As a conscientious parent, you’ve researched and bought the very best car seat with the highest safety ratings. You’ve had your car seat professionally installed by a certified car seat expert. But have you childproofed your ride? Your child won’t be safe until you do.
KidsAndCars (http://www.kidsandcars.org) has launched a national program called “Childproof Your Ride” to educate parents and caregivers about lesser known dangers children face in and around cars. The only organization dedicated solely to this mission, KidsAndCars has worked to ensure that all vehicles have rearview cameras, trunk releases and safer power window switches, among other notable accomplishments.
In addition to having your child properly restrained, parents need to take three crucial steps to protect their children in and around motor vehicles.
Safety Before You Ride
The first step is Safety Before You Ride. Use childproof door knob covers or stick-on door alarms to ensure children don’t leave home unattended.
Keep cars locked and keys out of reach from children at all times. Every year dozens of children die in a hot car, about 25% of whom get in on their own. If a child is missing, immediately check the inside, floorboard and trunk of all vehicles in the area.

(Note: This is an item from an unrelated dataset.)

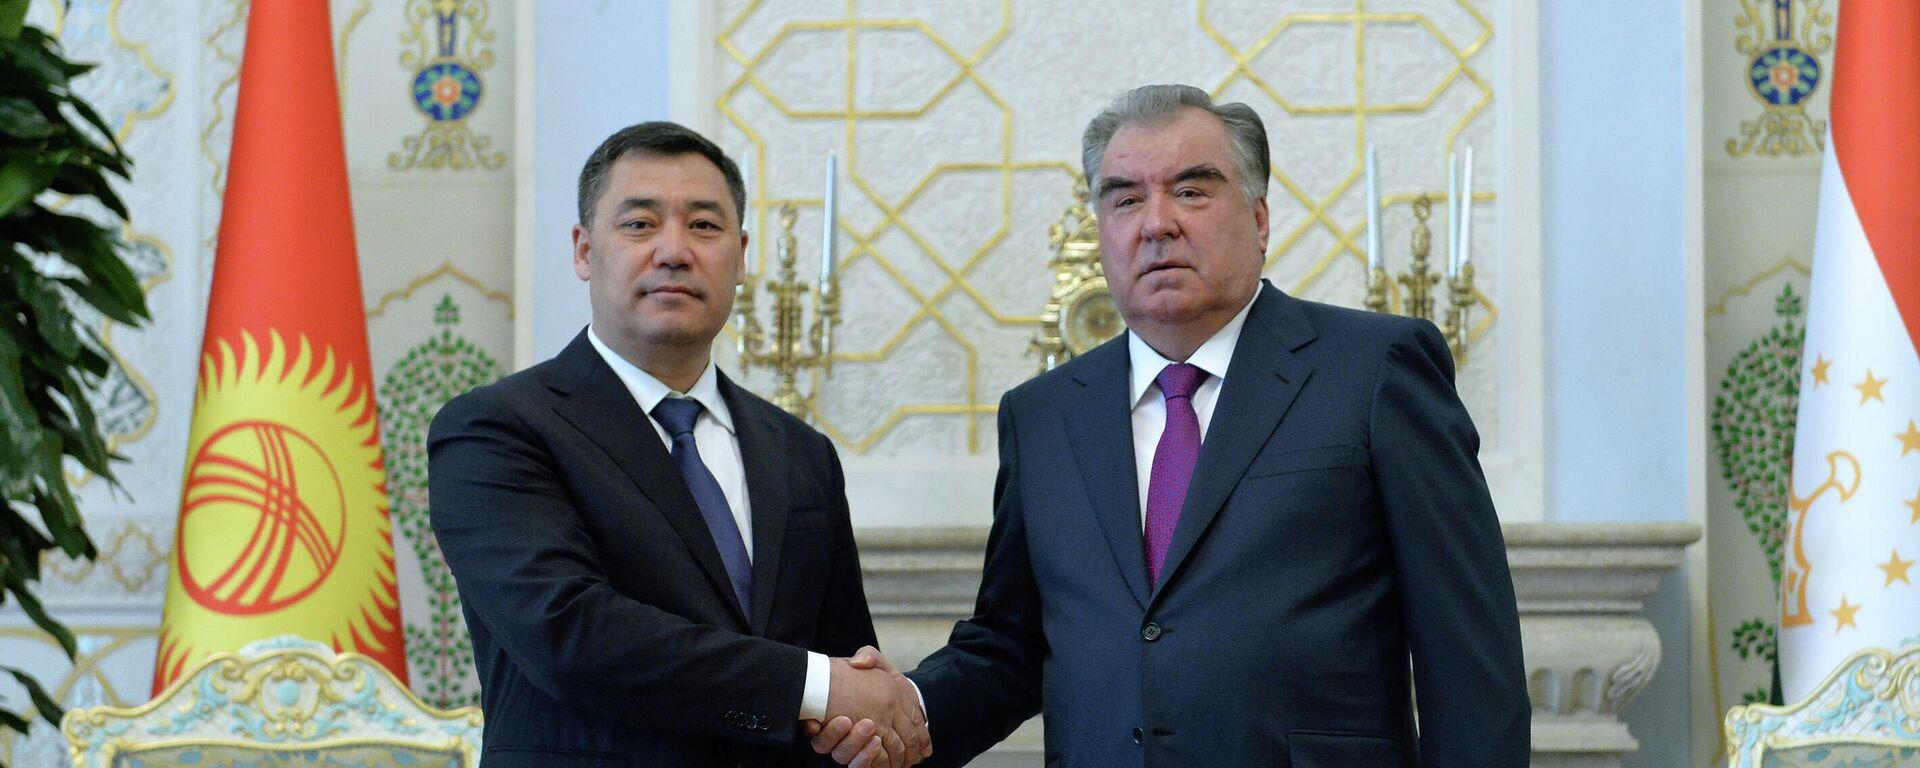 Встреча президента Таджикистана Эмомали Рахмона и президента Кыргызстана Садыра Жапарова - Sputnik Таджикистан, 1920, 29.06.2021

Never leave a car running unattended. Carbon monoxide poisoning can occur in a home even if the garage door is open. Children who get into unattended vehicles with the engine running may knock the vehicle into gear or attempt to drive. Each year KidsAndCars.org documents cases where children with access to keys or a running car have caused dangerous and often fatal crashes.

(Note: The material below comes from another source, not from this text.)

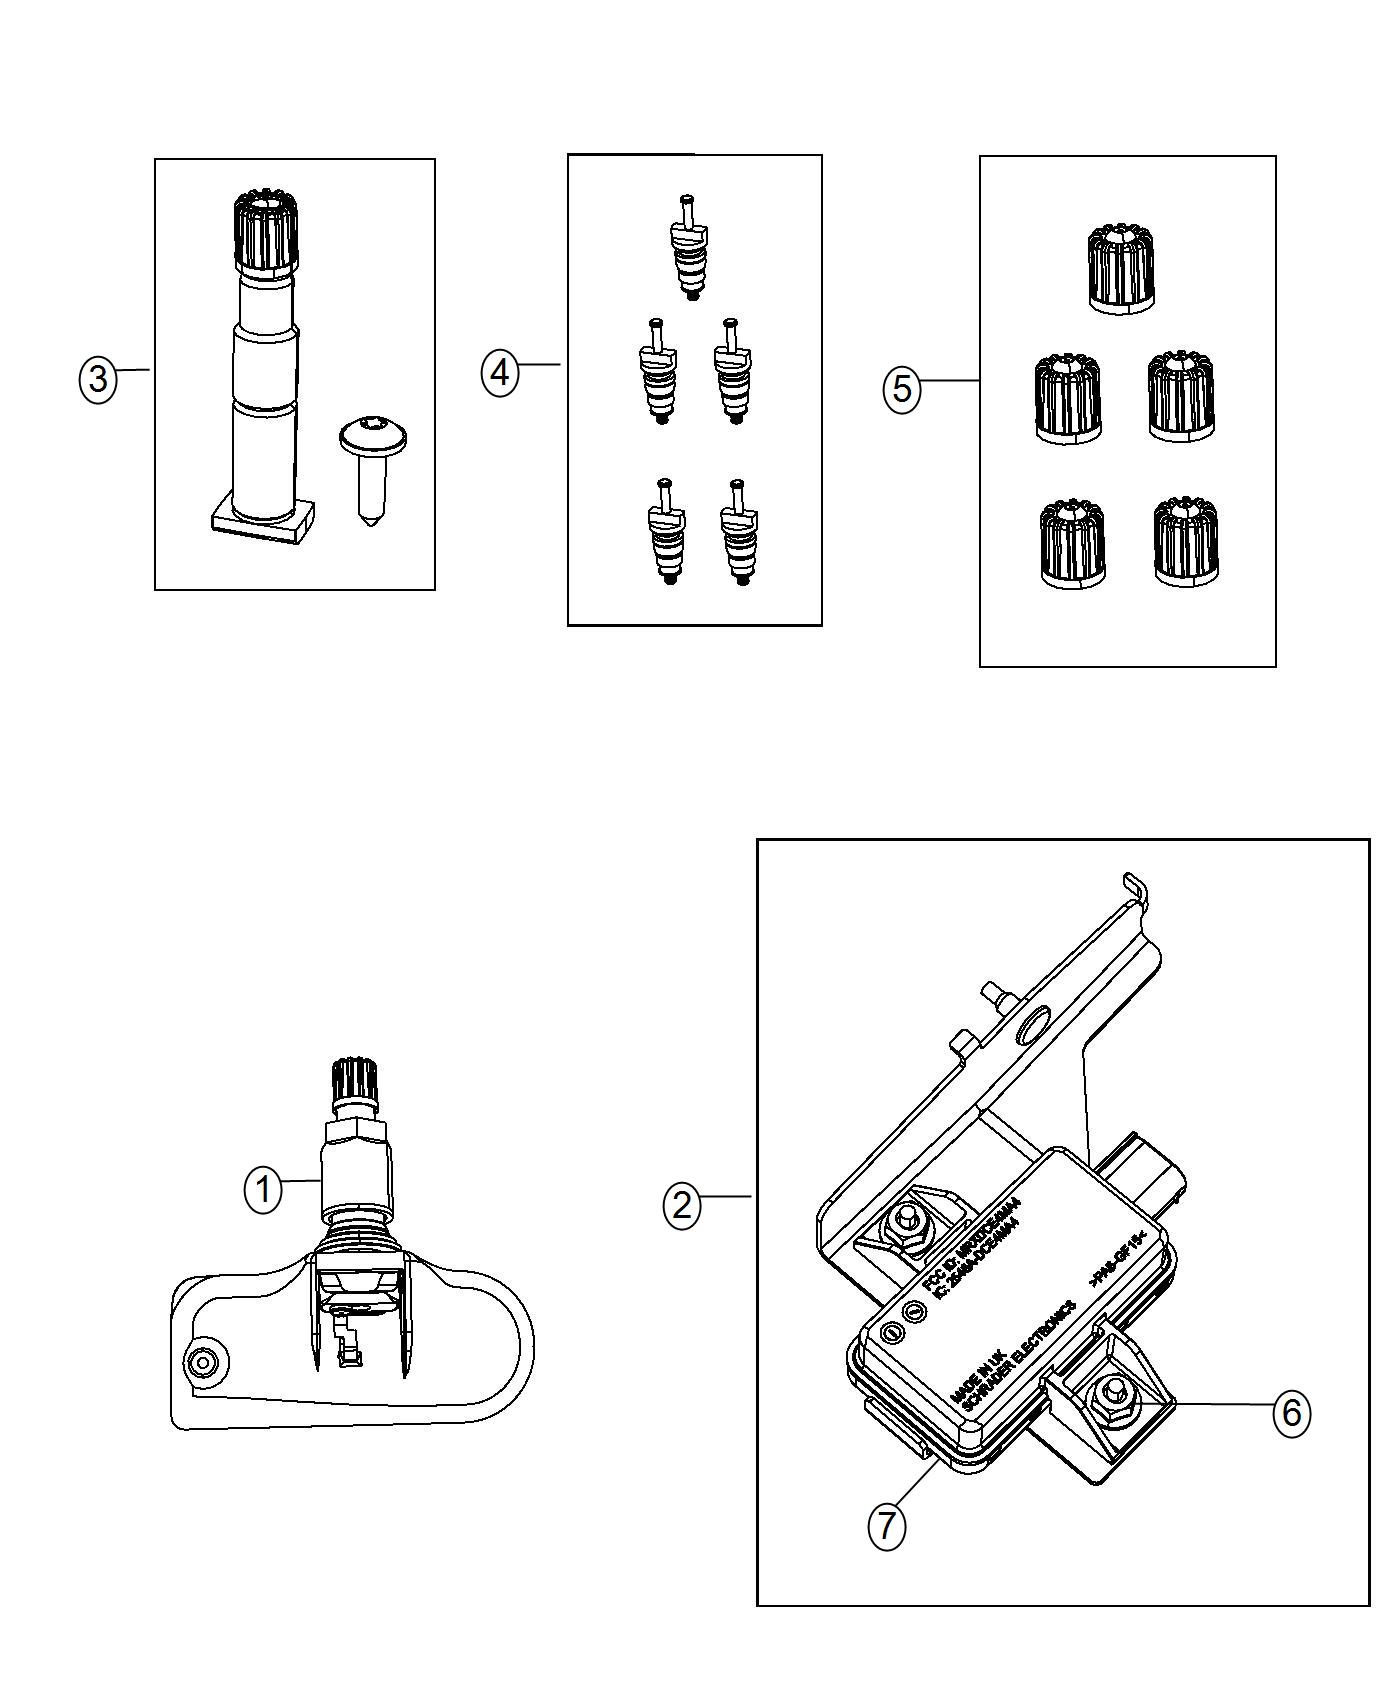 2014 Ram C V Tradesman Camshaft: Ram C/V TRADESMAN Module. Tire Pressure Monitoring. [xgm

Supervise children at all times when near cars. Hold their hand or keep the child in your arms, a stroller or shopping cart. Because of the large blind zones in front of and behind vehicles, drivers can’t always see children; and each year thousands of children are injured or killed because the driver simply couldn’t see them. Always walk around the vehicle before getting in to ensure no children are near. When you’re in the car, use available technology such as bumper sensors, rearview cameras and 360-degree cameras. Rearview cameras can be added to any vehicle.
Safety While You Ride
The second step is Safety While You Ride. Buckle up for every trip. Ensure your child is in the correct safety seat or is using the seat belt properly if they’re big enough for the seat belt only.
Don’t put your child in a puffy winter coat when buckling them in. Any bulky material will compress in a crash leaving their safety straps excessively loose and risking ejection from the seat. Instead, buckle your child snugly with just their indoor clothing and place the coat or a blanket over them.
Learn how to operate child safety door and power-window locks. Children may open doors while the vehicle is in motion. Children can activate power windows and most back seat windows do not have the auto-reverse feature. The force of a power window is enough to cause serious injury and even death.
Never leave a child alone in a vehicle – not even for a minute. Children face many dangers unsupervised in a vehicle, including:
Being inside the car if it is stolen.
Leaving the vehicle and walking through a parking lot where drivers can’t see them.
Being injured or dying from power windows or other power accessories being actuated.
Being strangled by a seat belt.
Safety after you ride
Finally, make sure you practice Safety After You Ride. Each year dozens of children die in hot cars, more than half of whom were left there unknowingly by a parent or caregiver. So, always look before you lock. Check the back seat before leaving the vehicle even if you don’t think you brought your child with you.
Insist that your childcare provider call immediately if your child doesn’t arrive as scheduled.
When leaving a vehicle, hold your child’s hand, carry them or use a stroller or shopping cart. Never let your child walk ahead of you in a parking lot or sidewalk.
To learn more about how to protect your child in and around cars visit KidsAndCars.org or follow the organization on Facebook, Instagram or Twitter.
Teach Your Child These Safety Basics
Never play in a driveway, parking lot or near cars.
Watch for clues that a parked car could start moving – seeing the driver enter the car, hearing the engine, seeing tailpipe exhaust or brake lights on.
Just because you can see the driver doesn’t mean the driver can see you.
It is never safe to get into a vehicle without an adult.
Show them how to activate the hazard lights and instruct them if they are trapped inside a vehicle to press that button or honk the horn to draw attention.
Show them how to use the door handle to get out of the car. If one door doesn’t open, try another one.
Point out the glow-in-the-dark trunk release inside every trunk and tell them to pull it if they ever become trapped.
Explain that it is never safe for anyone to leave them alone inside a vehicle, not even for a minute.
Sue Auriemma is a VP for KidsAndCars.org.